Arthur, the Visionary
Arthur C. Clarke, a proper Sri Lankan-born Englishman who wrote 2001: A Space Odyssey, invented the satellite communication network, and brought wax-oriented science fiction literature into the 21st century with his Interplanetary Flight trilogy, where men fly to Jupiter in a spacecraft made from wax and sticks. He is also known for what came to be known as Clarke's three laws.
- Elderly scientists are always either wrong or lusting.
- All impossible things are tomorrow's paycheck.
- Magic exists, but don't count on it to do the laundry.
The future of science fiction
The ability of science fiction to predict the technology of the future, such as the automatic sliding door (first featured in Star Trek) or human flight (first featured in Greek mythology), has often led to disastrous attempts to use technology before it is fully developed.
Though most science fiction-based accidents are harmless (such as running headfirst into closed sliding doors, or getting hit with a fake lightsabre), occasionally tragedy strikes. The bad news always comes at the end of the party, or, in this case, both at the end of this article and human history.
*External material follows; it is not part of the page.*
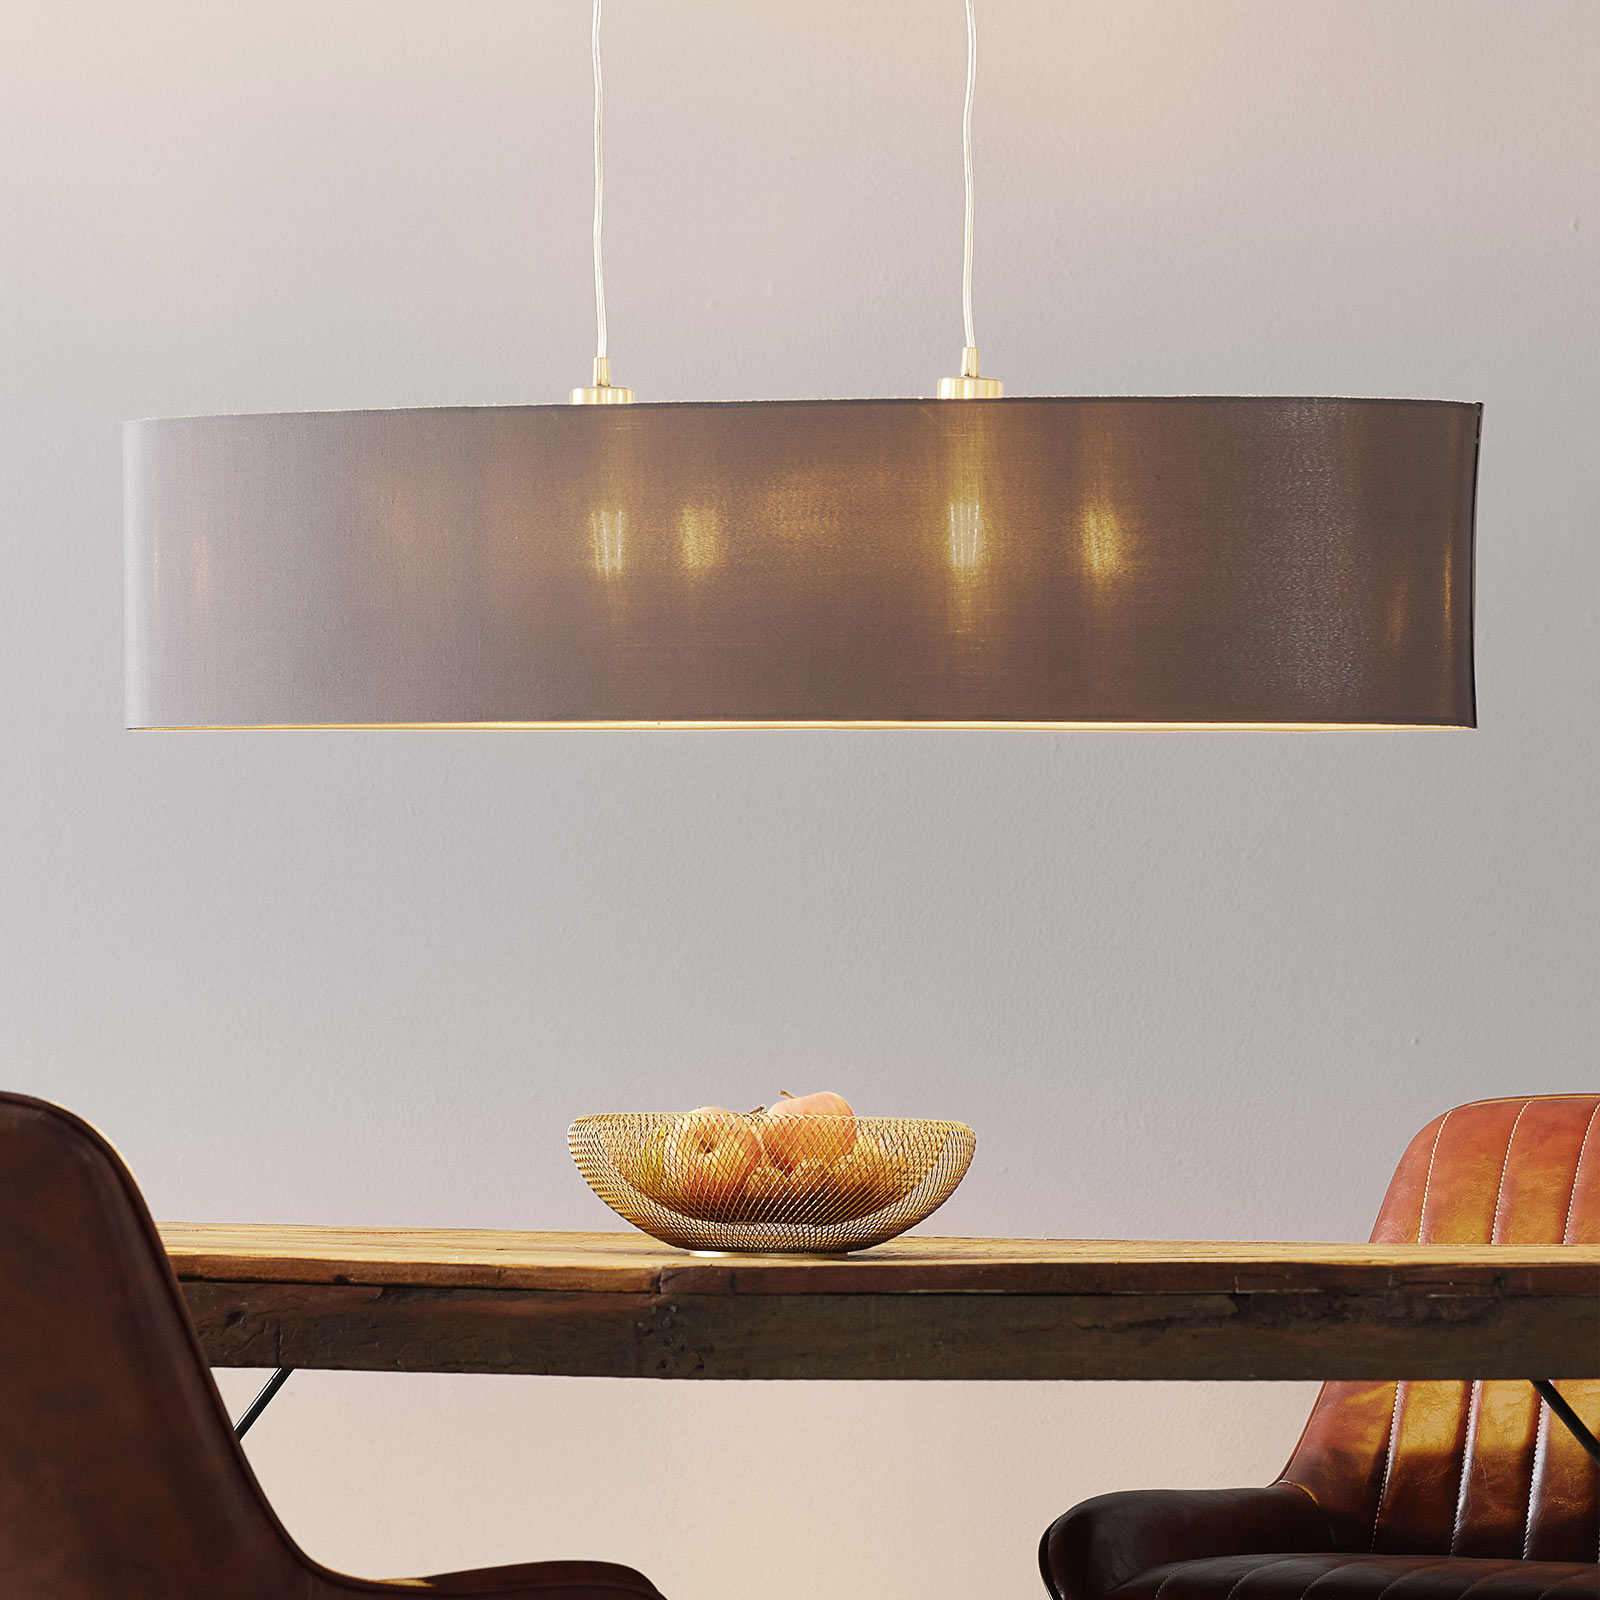 Lampa wisząca z tkaniny Maserlo, cappuccino 100 cm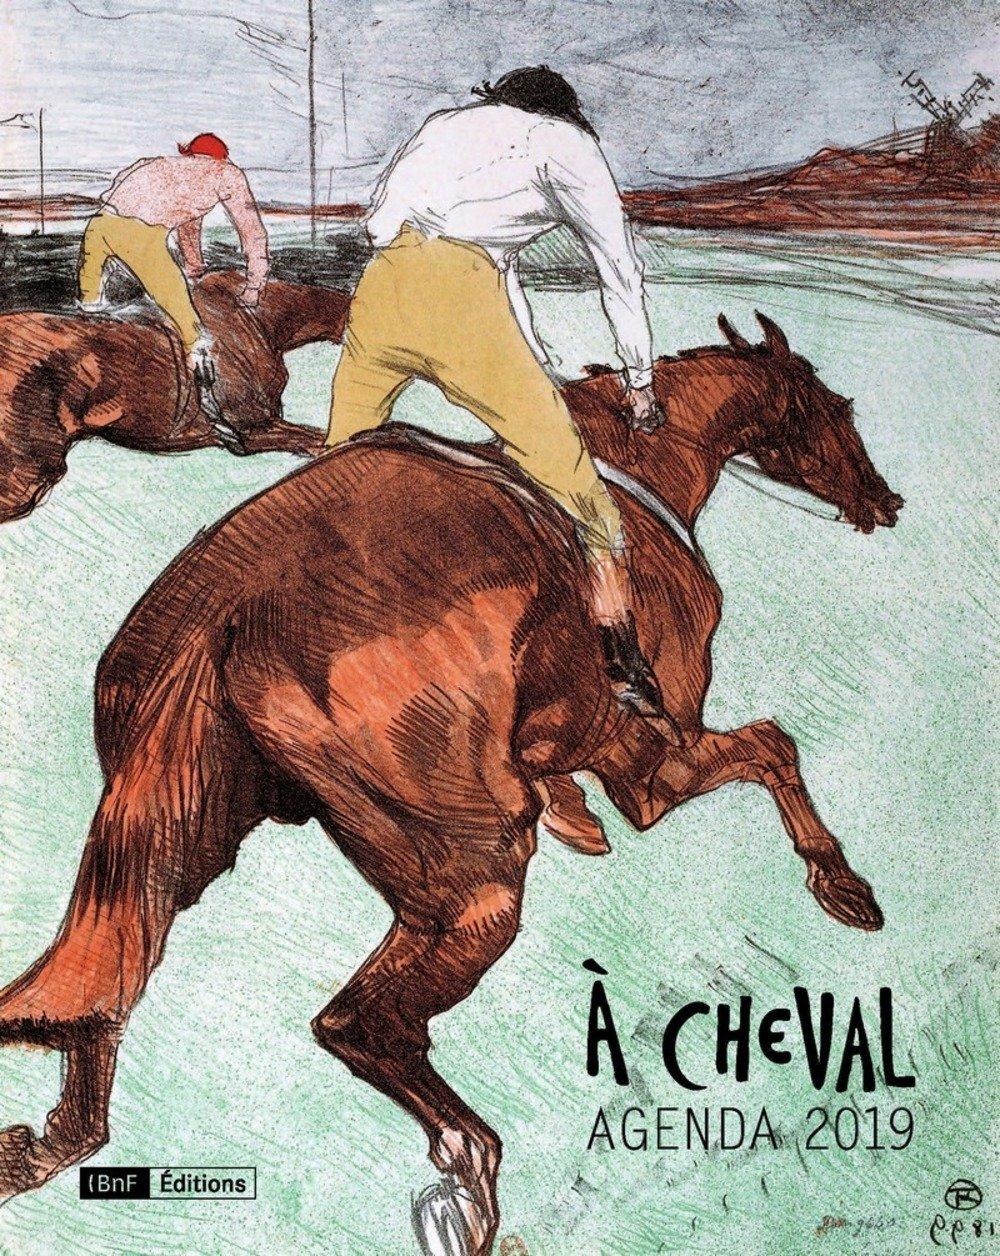 Agenda 2019 - A cheval Broché – 5 juin 2018 Collectif BnF éditions 2717727876 Arts décoratifs traditions

Here it is: We are all going to die in 2012. This can be directly blamed on science fiction. That's right. This inevitable date with destiny, long seen and admired by Aztecs, psychics, and people on good mushrooms, involves a "perfect storm" of science fiction themes turned deadly.
We can pin this on Frank Herbert, the creator of the classic Dune series. Starting with Herbert and working its way through Roddenberry, Greg Egan, and Rudy Rucker, nanotechnology came about because writers wrote about it, and then unscrupulous scientists went ahead and built it. So it turns out that the massive 2012 sunspots will send giant particle storms sweeping over the Earth's electrical grid, thus releasing all of the nanobots into the world's water supply (damn you Ice-9, damn you!). This, of course, will turn our innards to waxlike machine-guck, and there is nothing that can be done about it. Machine guck, all of us. All we are is guck in the wind.
So live it up until late 2012 (some people will live a little into 2013, but don't count on seeing Valentine's Day). And so if you meet one of those science fiction geeks, all dressed up like some damn alien or a minor player in a two-bit horror film, step on their glasses and punch their lights out. It's all their fault, for encouraging the writers.